Bus Spannung habe ich auch schon gemessen, sind 14.3 V dc drauf, das sollte eigentlich ausreichen.


----------



## Fozzy (9 Mai 2018)

Bevor du dir aber einfach ein Dongle zulegst schau wie das evtl Kompatibel ist, meine das nicht jedes Dongle jedes Dali Gerät konfigurieren kann. 

Werde es die Tage mal an einem CX2xxx testen. 
Oder hat das schon wer getestet?


----------



## ADS_0x1 (9 Mai 2018)

Mal ne andere Frage: Wenn ich über die KS2000 meine DALI-Devices nicht finde, kann ich den Device-Scan auch über Programmbausteine in TwinCAT 2 durchführen?

Alternativ kann ich mal versuchen, das ganze mit TwinCAT 3 in Betrieb zu nehmen, vielleicht gibt es da ne andere Einstellmaske (?).

Weitere Alternative ist der Aufruf im Kreis der bekannten und befreundeten Elektrounternehmen, ob die nicht n Programmiergerät haben, dass ich mal ne Stunde geliehen haben könnte.


----------



## Fozzy (9 Mai 2018)

Du meinst direkt über die SPS? 
https://infosys.beckhoff.de/index.p...iv2_sample_cx9020.htm&id=13012213212392241738

Werde da anfang nächster Woche mal was testen. 
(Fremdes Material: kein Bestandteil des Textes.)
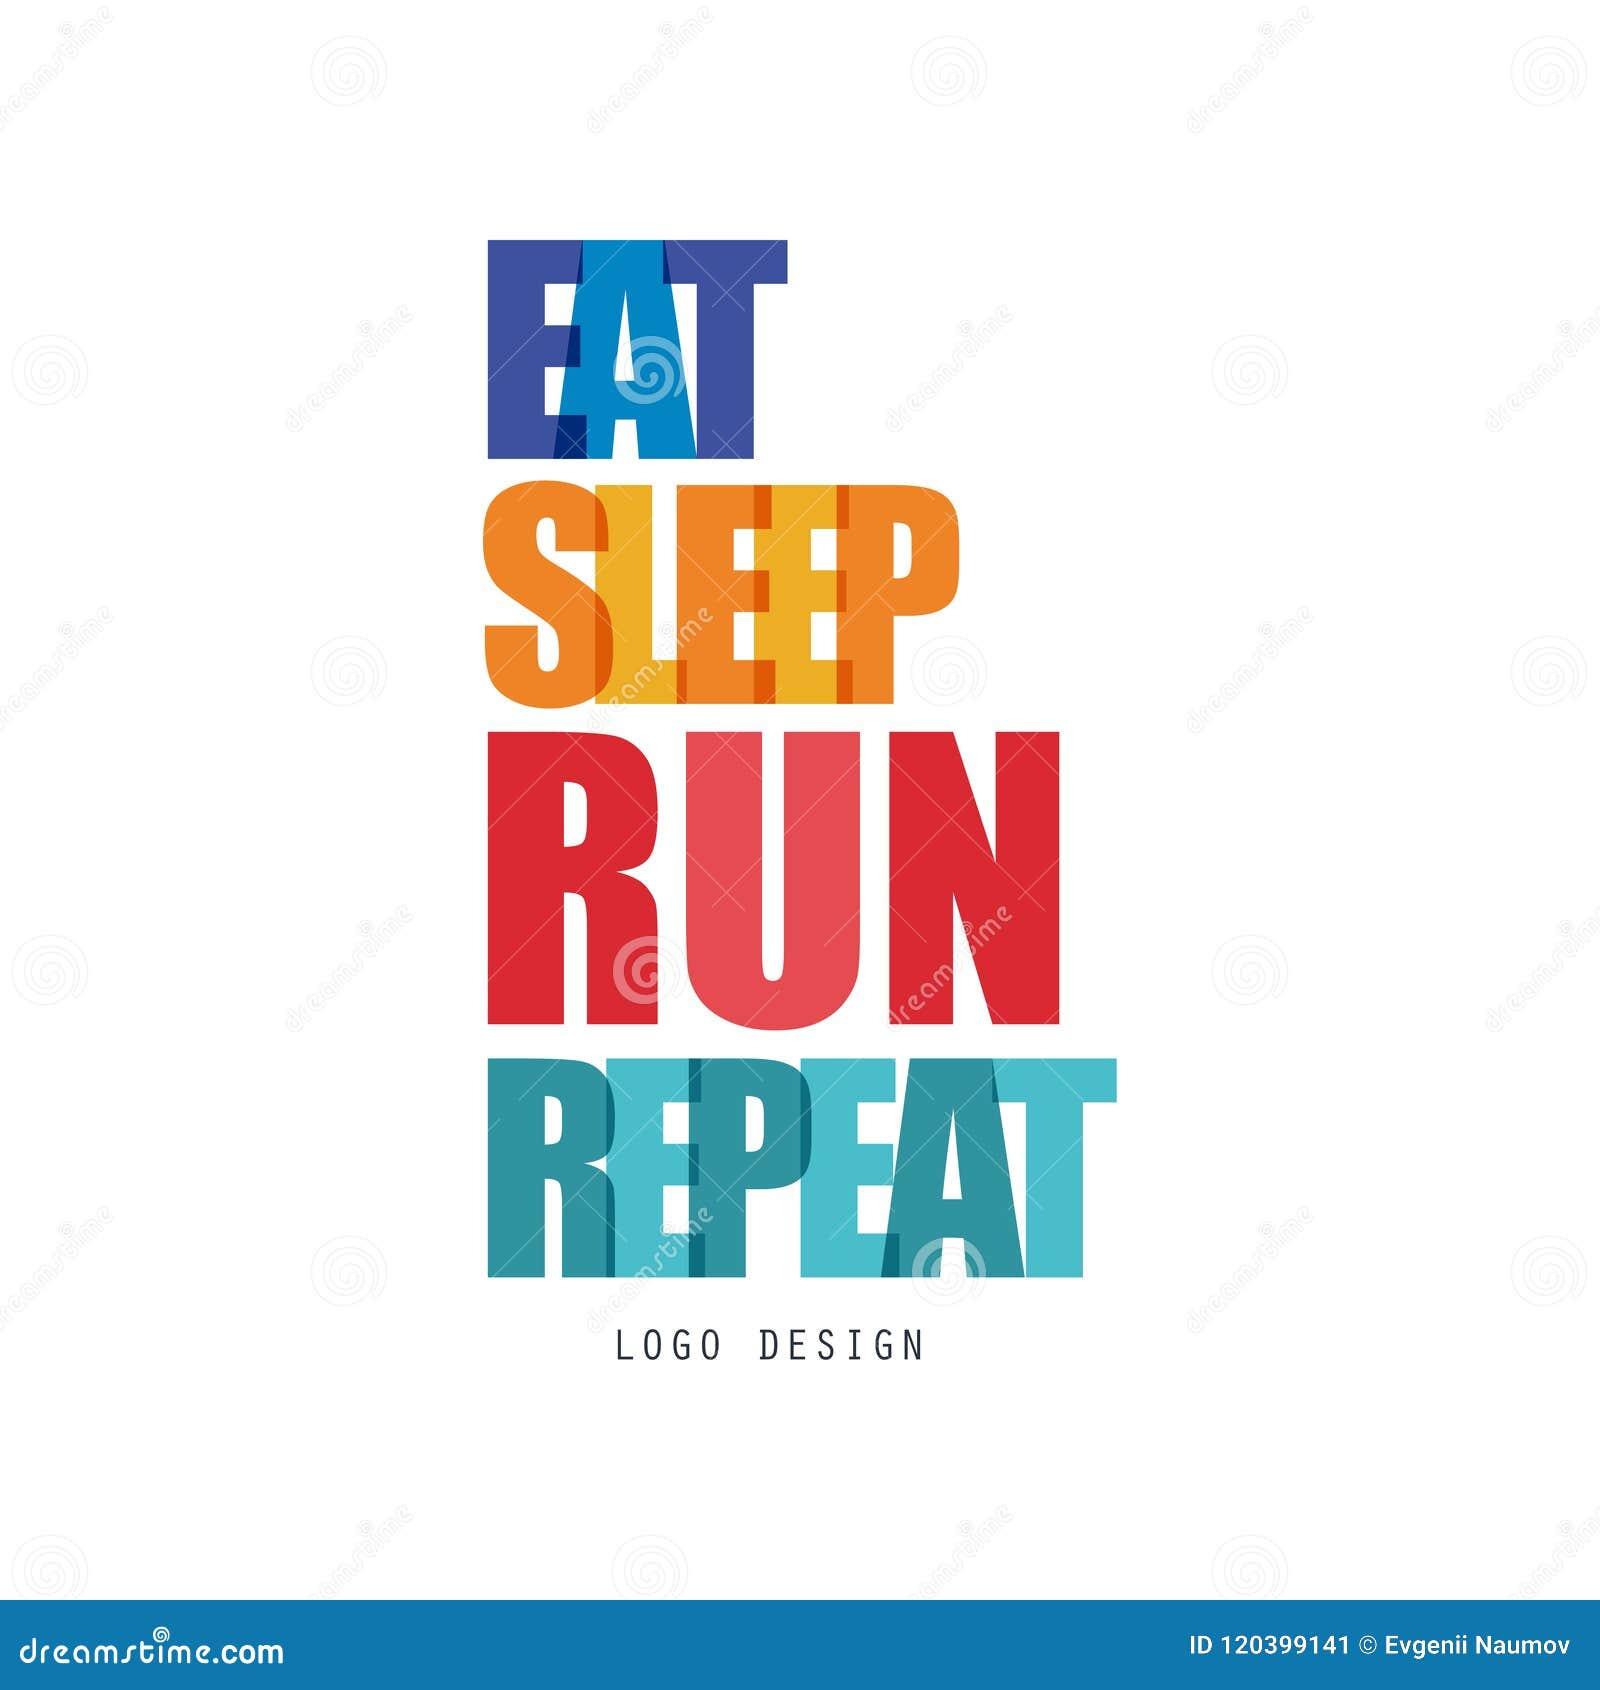 Eat, sleep, run, repeat logo design, inspirational and motivational slogan for running poster, card, decoration banner

Ich muss sagen ich bereue es nicht das Lunatone Dongle gekauft zu haben  Kann super easy alles werte in einer Oberfläche einstellen.


----------



## ADS_0x1 (9 Mai 2018)

Jo, direkt aus dem SPS-Programm heraus. 

Bei Beckhoff gibt es sogar die Bausteine dazu:

z.B. FB_DALIV2AddressingRandomAddressing

Wobei ich ehrlich gesagt bezweifle, dass die Bausteine was anderes machen, als die KS2000...


----------



## ADS_0x1 (10 Mai 2018)

Okay, ich habe das mal ausprobiert... 

Habe die Adressierung durchgeführt (ist ohne Fehler durchgelaufen) und anschließend habe ich noch einmal (mit der KS2000) gescannt: Nix. 
Dann habe ich nach einem Scan-Baustein in TwinCAT gesucht, aber auf die Schnelle keinen gefunden.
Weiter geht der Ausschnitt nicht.